Introduction
The nasal epithelium represents the point of first contact between the respiratory system and the external environment. The nasal epithelium is comprised of goblet, basal and ciliated cells, which are essential in establishing mucociliary clearance, producing anti-microbial peptides, chemokines and cytokines, and forming a protective barrier. The normal respiratory epithelium has the ability to remodel and repair its integrity after epithelial damage 1,2. Persistent asthma is associated with epithelial dysfunction, associated with a disturbance of the normal ability to repair wounds 3. Studies using primary bronchial epithelial cells, obtained from children with atopy and/or “asthma” and grown in submerged, monolayer cultures, suggest an inability to heal wounds (reviewed in 4). While these results are consistent with observations from bronchial biopsies in adults with persistent asthma 3, submerged, monolayer cultures do not adequately represent the conditions seen in a fully differentiated pseudostratified epithelium in vivo 5. To minimize these deficiencies primary airway epithelial cells can be grown at the air-liquid interface (ALI) into a fully differentiated pseudostratified epithelium consisting of basal, goblet and ciliated cells 6.

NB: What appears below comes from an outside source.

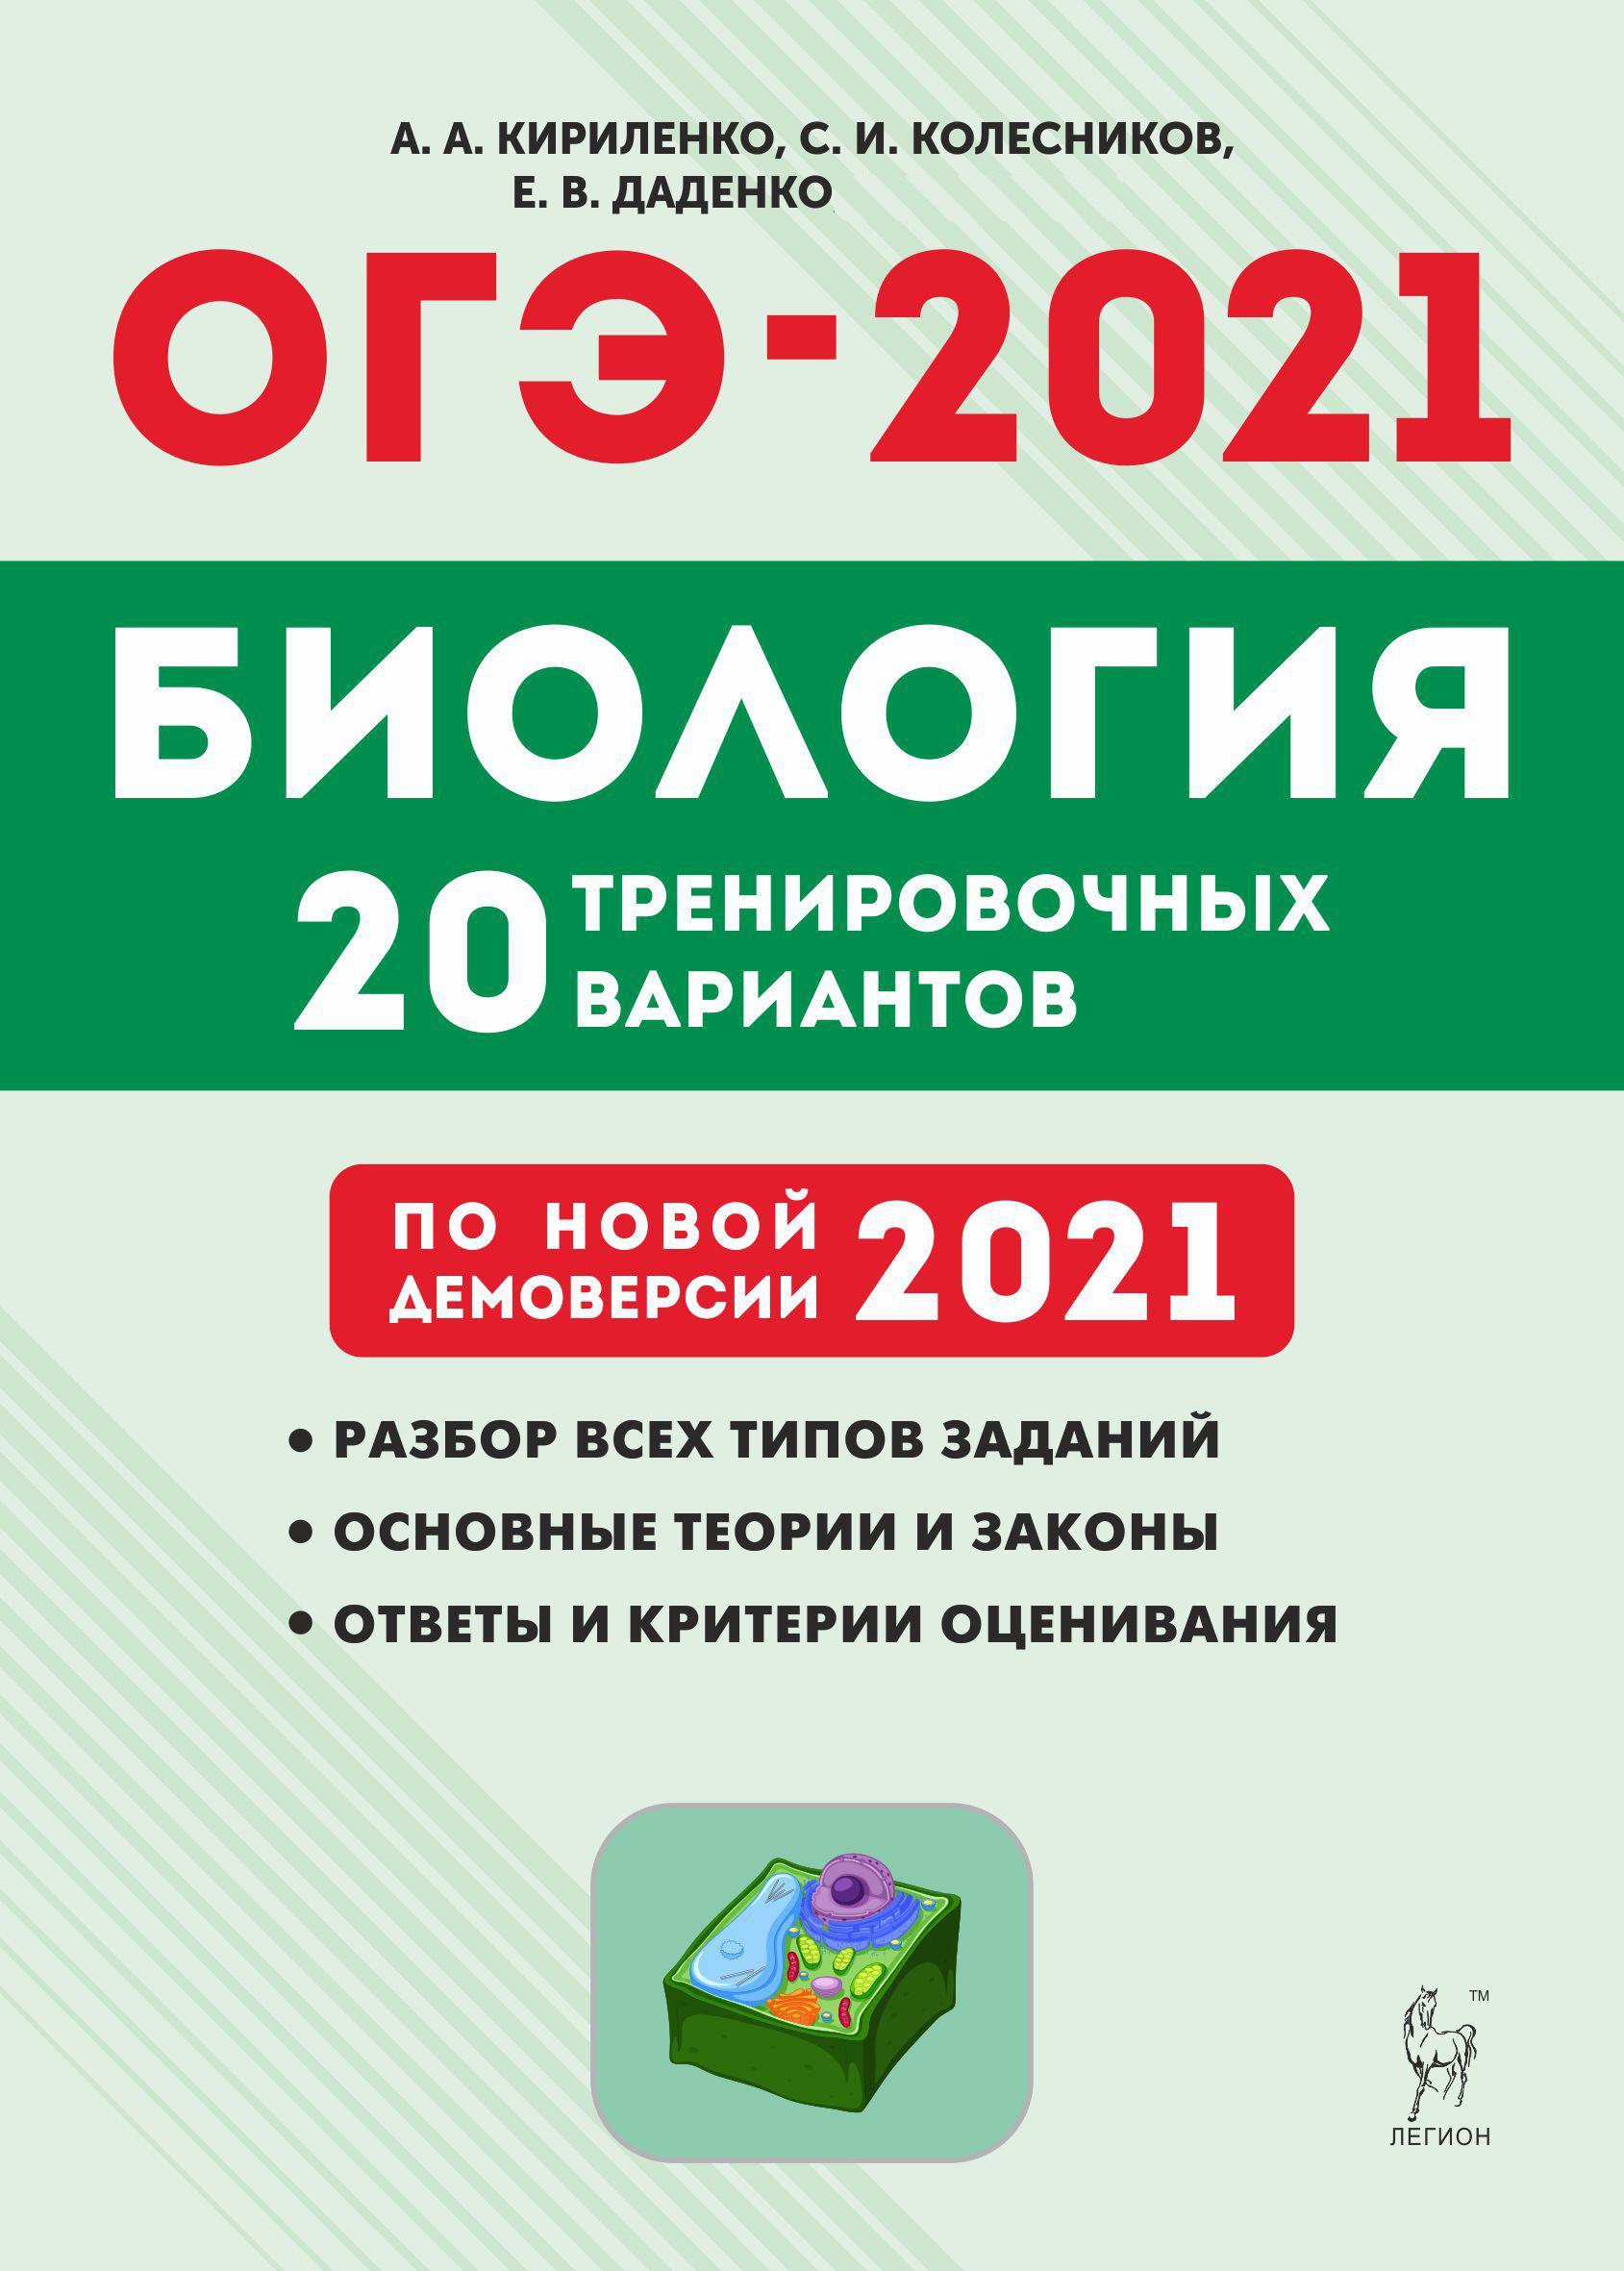 Биология. Подготовка к ОГЭ-2021. 9 кл. 20 тренировочных варианта по демоверсии 2021 года. /Кириленко.

Respiratory viral infections are involved in the induction and progression of asthma 7,8. Wheezing and asthma exacerbation, especially in children and the elderly, are often associated with respiratory infections due to respiratory viruses such as respiratory syncytial virus (RSV) and human rhinovirus infection9,10. Debate exists about whether the asthmatic respiratory epithelium has an exaggerated response to respiratory viral infections but evidence from in vivo and ex vivo studies show a different pattern of cytokine secretion from “asthmatic” epithelial cells under baseline and stimulated conditions1,11. Certainly, the inflammatory milieu differs in the “asthmatic” airway when compared to that in healthy individuals3. How this milieu influences wound healing is little studied.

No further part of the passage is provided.